A cylinder has to be the correct specification for its use and fuel type. Manufacturers will typically offer of full range of direct electric, indirect (for boilers), and renewable heat source cylinders (for heat pump and solar thermal). Most of these will be offered in capacities typically between 100-300l.
The most immediately obvious difference between cylinder types is the method of accommodating the expansion water. The industry standard has generally been a cylinder with a separate, wall-mounted expansion vessel. The system works – it is reliable, but it takes up space in a cylinder cupboard that could otherwise be used for storage.
By contrast the ‘bubble top’, or ‘air gap’ system dispenses with the need of a separate expansion vessel. The system works by having a bubble of air trapped in the top of the cylinder, and the hot water is drawn from the unit from a side or top mounted internal pipe that reaches into the water.
The air gap is often kept separate from the water by a plastic floating baffle that sits on the water, which moves vertically with the expansion of the water, according to heat. The air gap should be regenerated annually when the unit is serviced by an approved installer, thus preventing a loss of gap that would otherwise result in over pressurisation of the cylinder, or an operational discharge from the expansion relief valve.
Cylinders are also available with an ‘all on top’ design, with heating coil, hot and cold water services, safety valves, and expansion vessels all concealed and contained under a removable lid. The purpose of this design is to minimise the impact of external pipework and connections, and optimise space.
The more advanced a product is in terms of design and efficiency, the more expensive it is likely to be. Some cylinder ranges are made to be as economic as possible to buy, others will be more sophisticated in design to improve the efficiency and ease of fitting.
It’s not just efficiency and heat retention that is important to a householder, space saving is also important. A small increase in diameter can significantly reduce the height of a cylinder, allowing more storage or appliances within the space.
At the opposite end, slimline, and even horizontal products, are available to fit into specific areas. Again, more expensive, but they are problem solvers.
Heat up time from cold, and heat retention, are generally the benchmark of performance.

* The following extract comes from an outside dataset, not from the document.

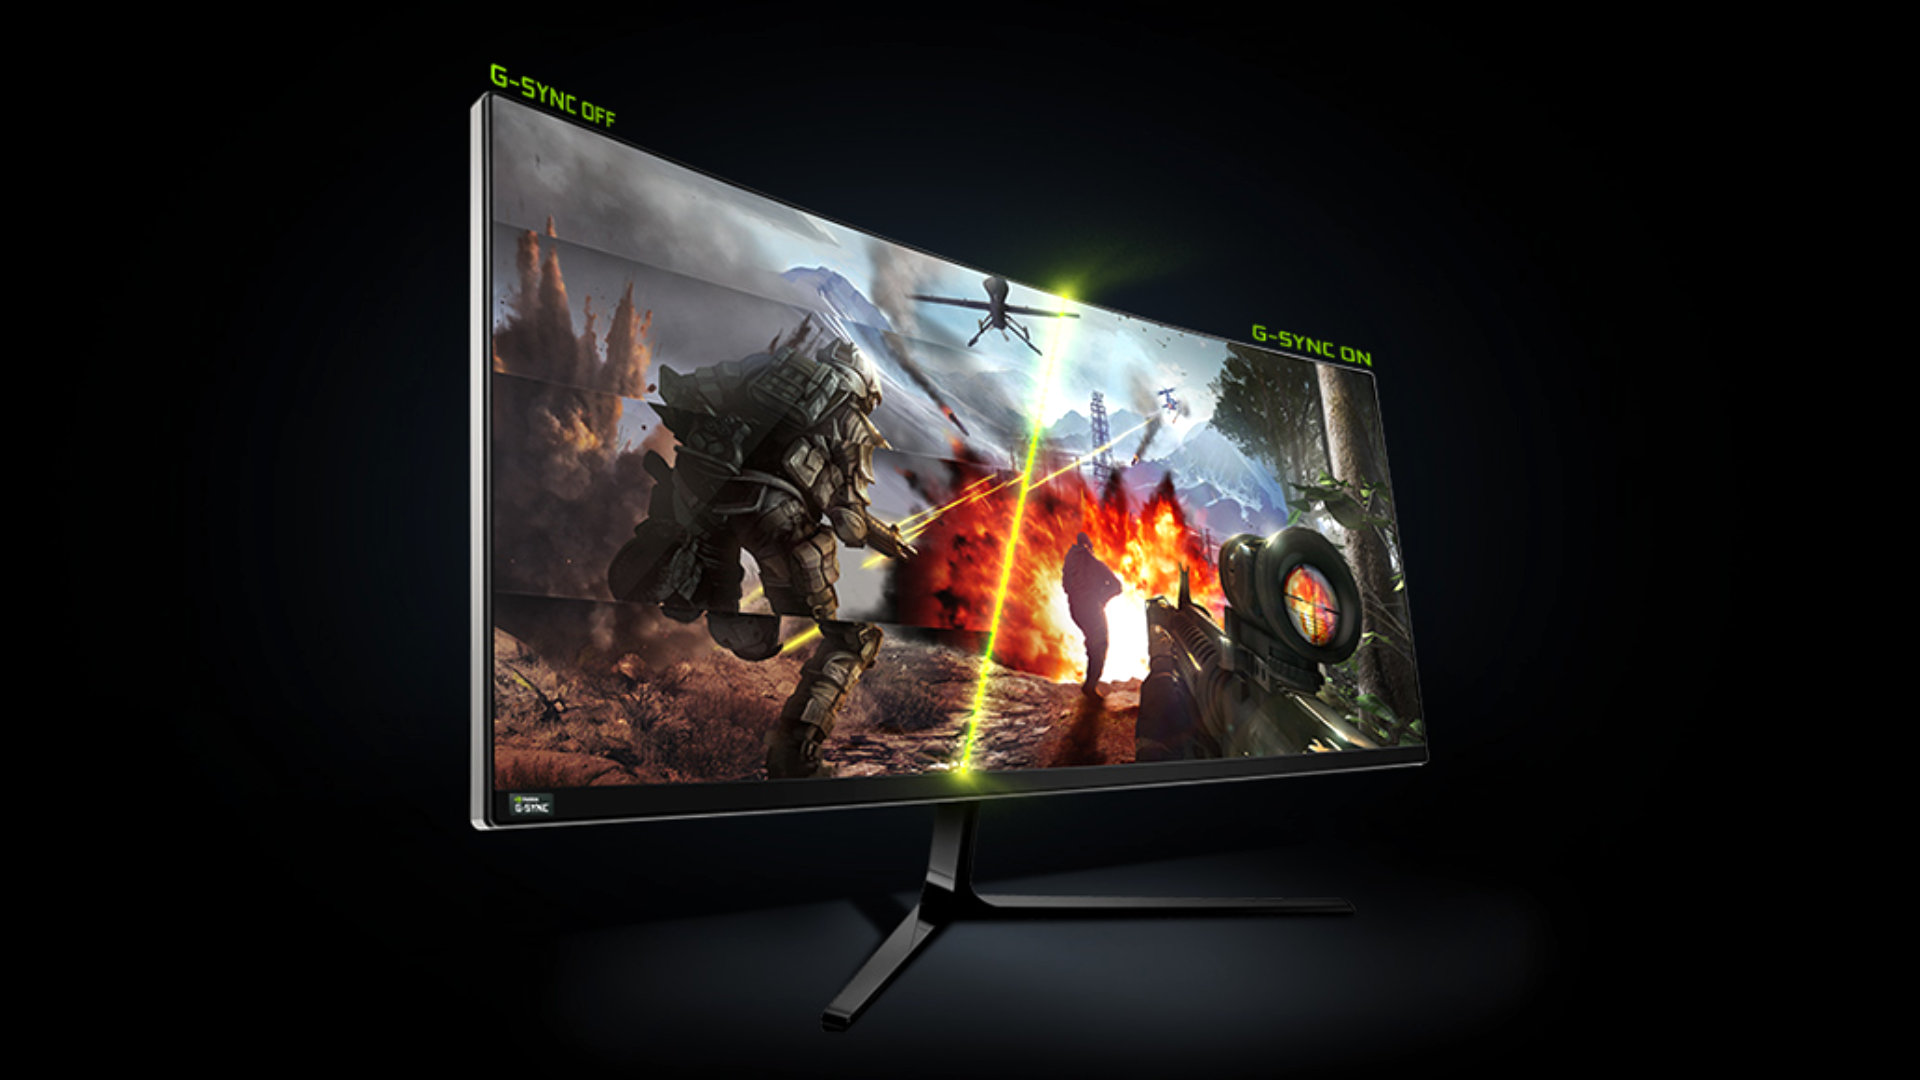 Overgave Perforatie omhelzing What is FreeSync? – How to use AMD's tech with an Nvidia GPU | PCGamesN

However, if large volumes of hot water are required, such as in commercial applications, you should look for cylinders with even higher specification coils to provide a faster recovery rate.
The ‘horses for courses’ argument is also relevant for coil type. In hard water areas, heat exchangers that could harbour and encourage limescale deposits should be avoided. Manufacturers have invested in heat exchange coil design, along with tank-in-tank technology, to optimise economic heat recovery, and reduce scale buildup.

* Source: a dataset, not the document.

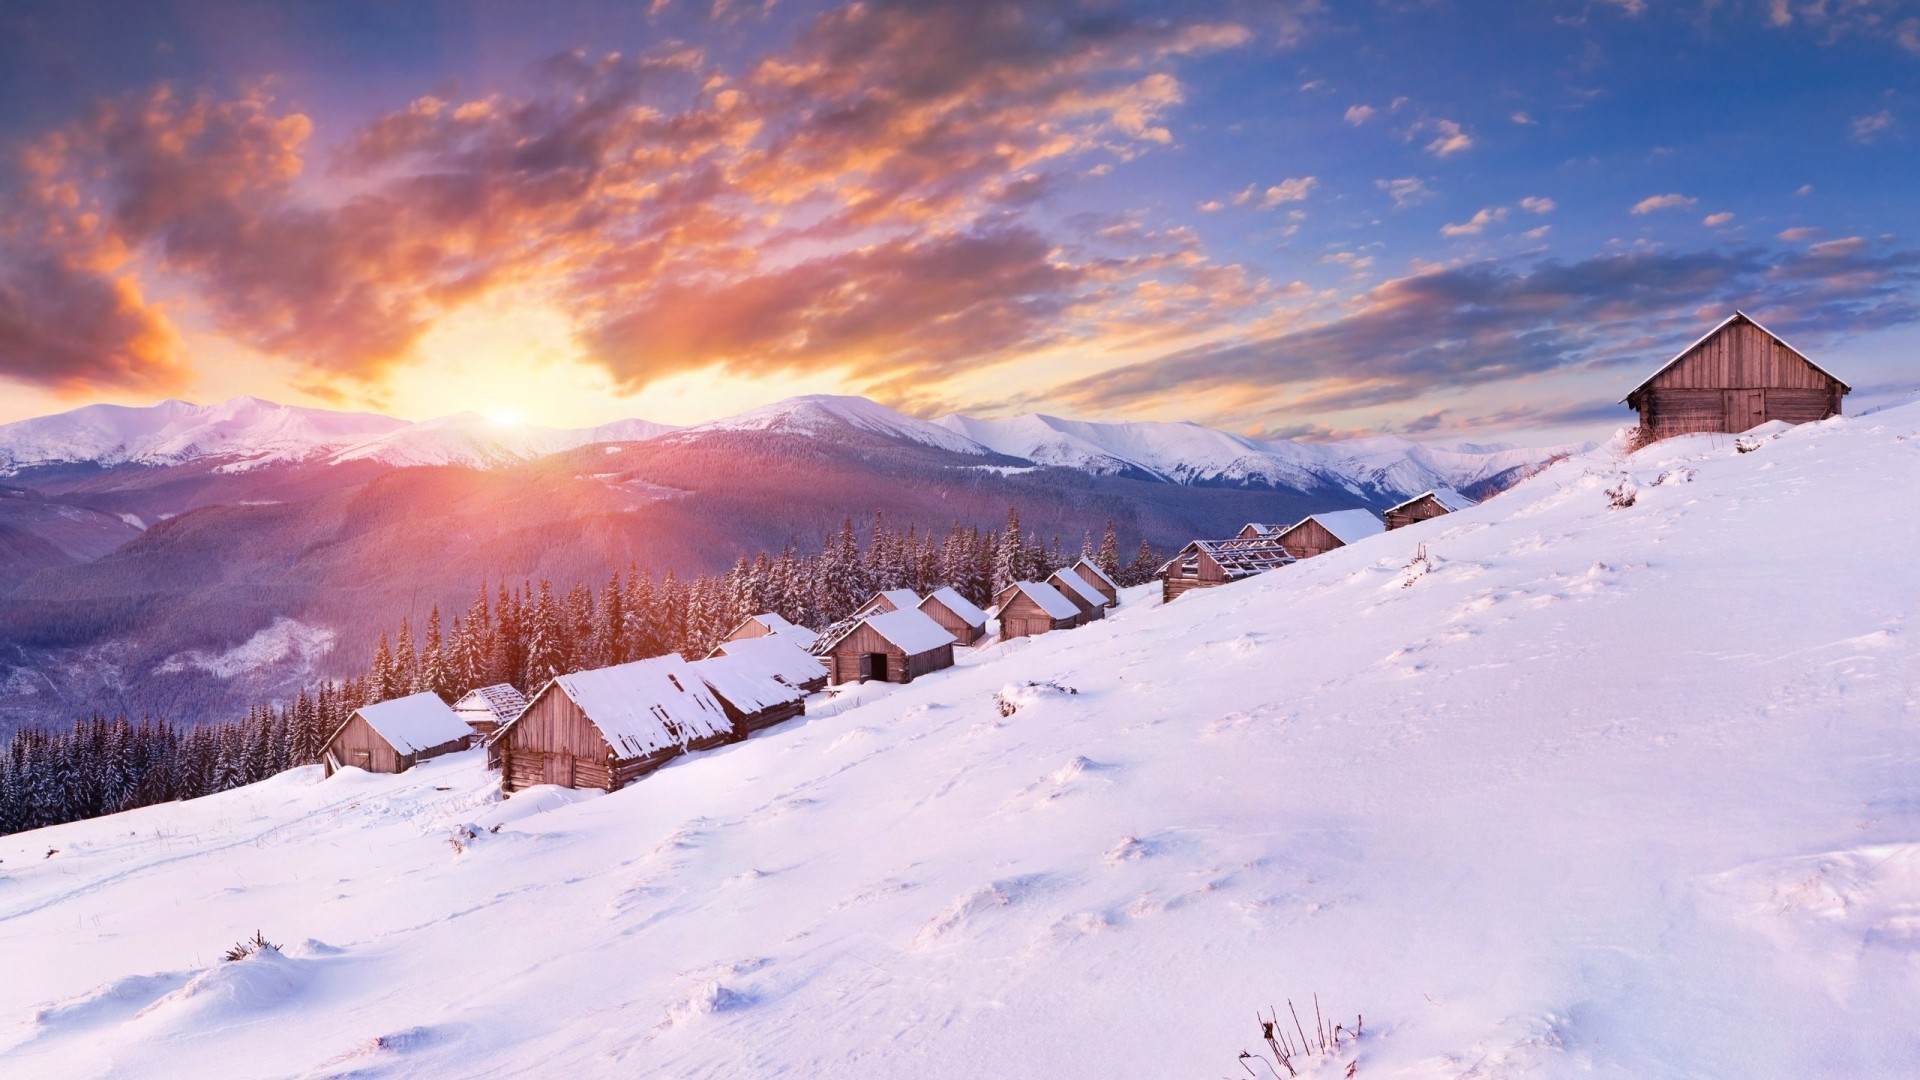 General 1920x1080 snow winter sunset mountain chain cabin nature landscape sunlight cold ice hut

Unvented cylinders are not all the same. Quality, efficiency, design ingenuity, and price all vary. The end user will not always be interested in the same features as an installer, and giving alternatives at differing prices can lead to both a happier customer, and a more profitable project for the installer.

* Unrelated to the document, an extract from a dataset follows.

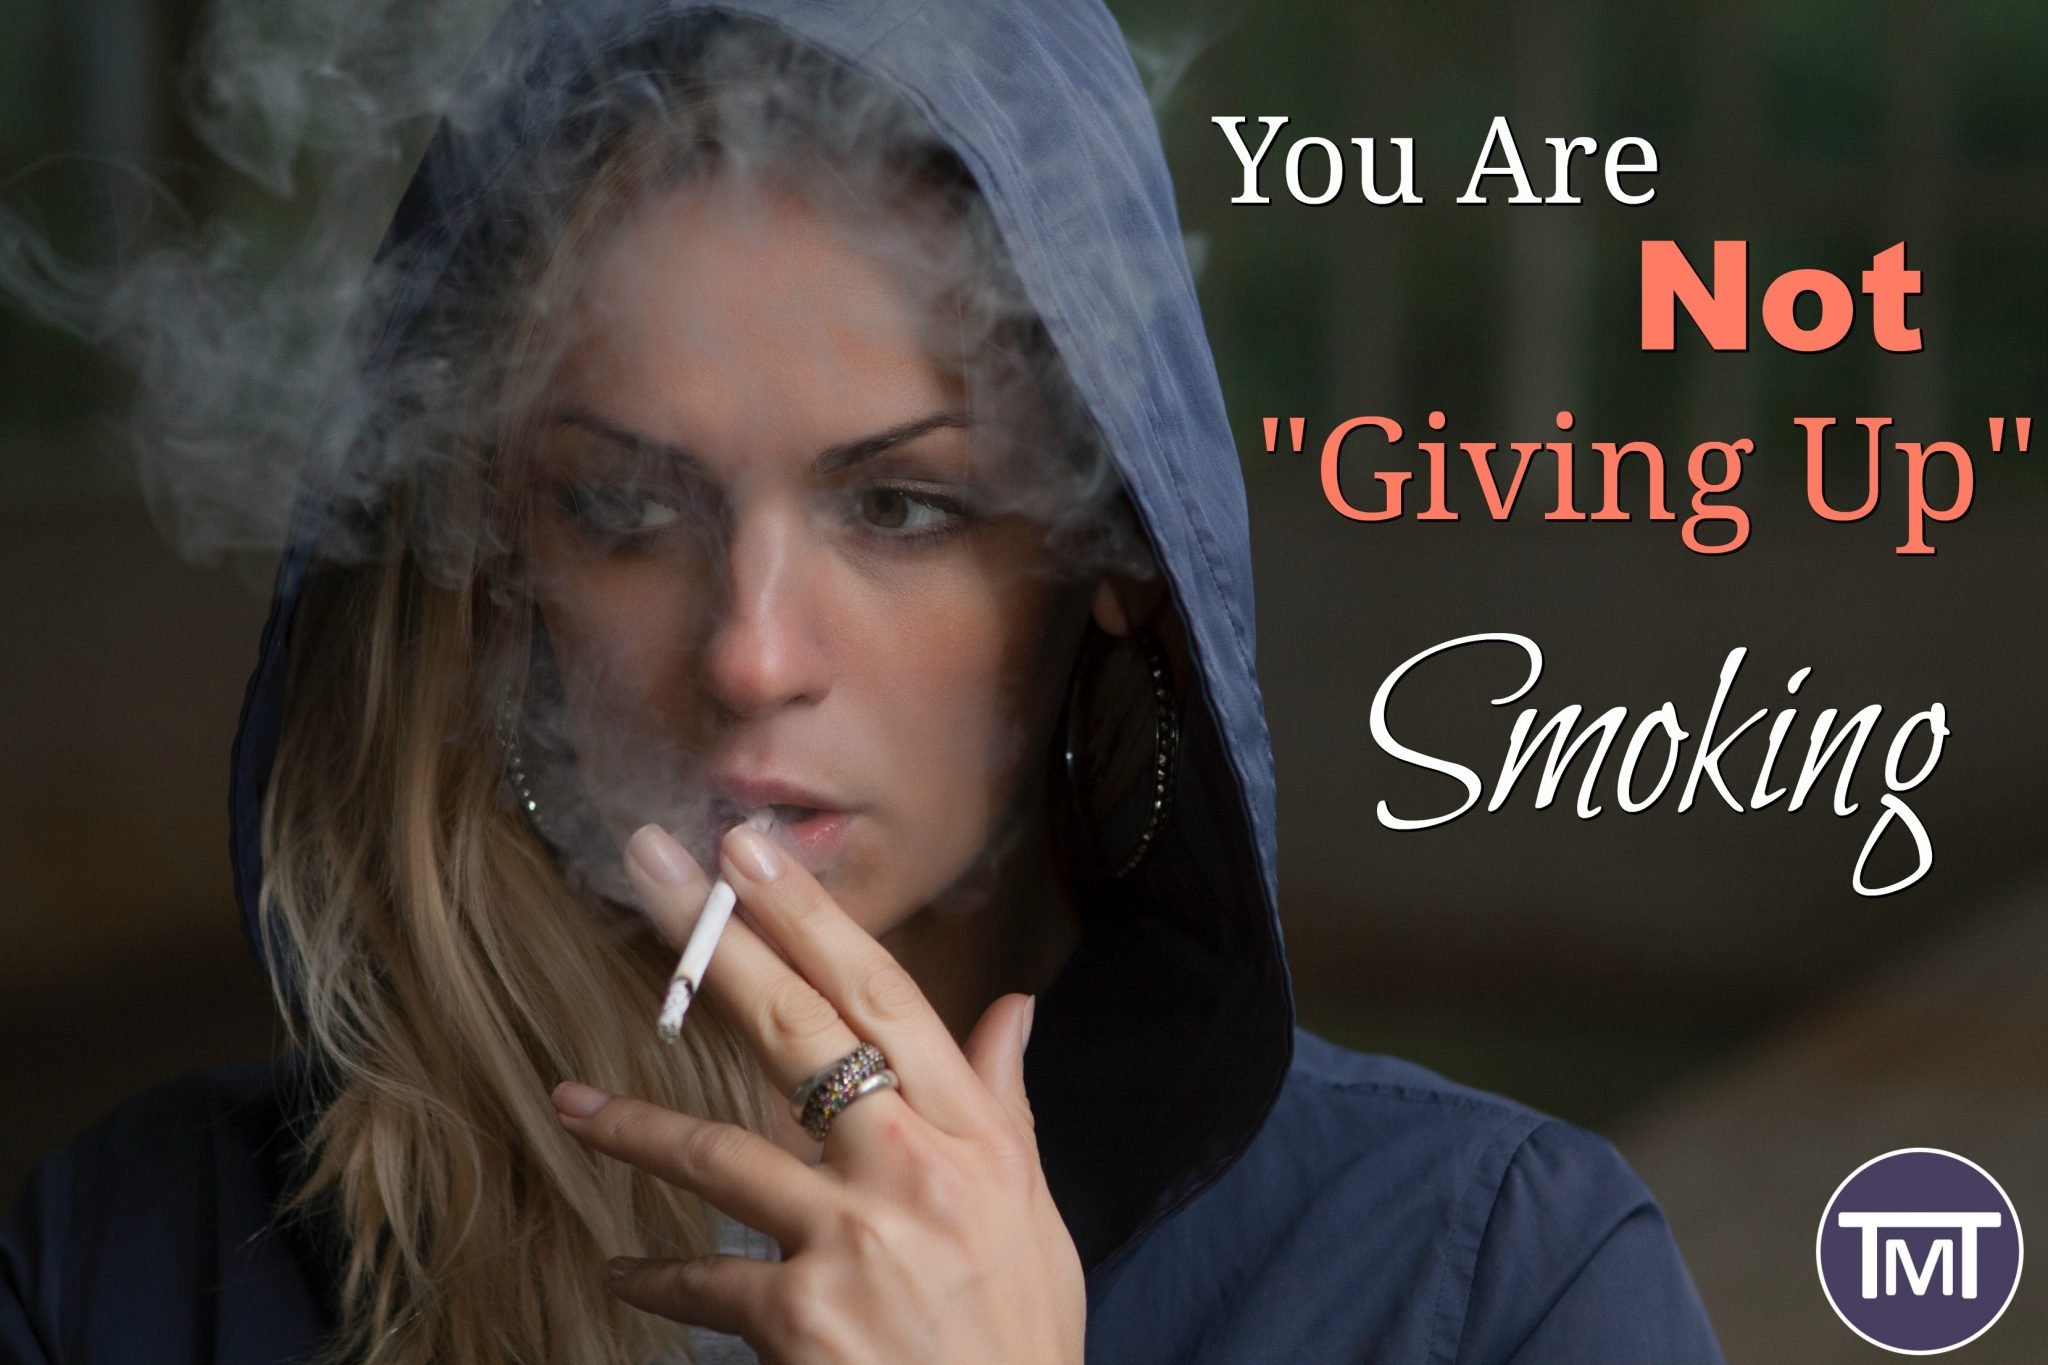 woman in blue hoodie holding cigarrette about to smoke it - You are not giving up smoking feature

The introduction of ErP has had a significant effect on the cylinder industry, and the products available. The updated regulations from September 2017 have effectively outlawed products below a C rating.
This has had a dramatic effect on the performance and efficiency of products that are available. This leads to cost savings for the consumer on a gas-fired central heating system, with greater savings on electrically-heated cylinders.
But most modern cylinders are insulated with polyurethane foam however, and efficiency levels, shown by the ErP label and supporting fiche, do vary according to thickness, quality, and type of insulation, with higher rated products also available with vacuum panel insulation.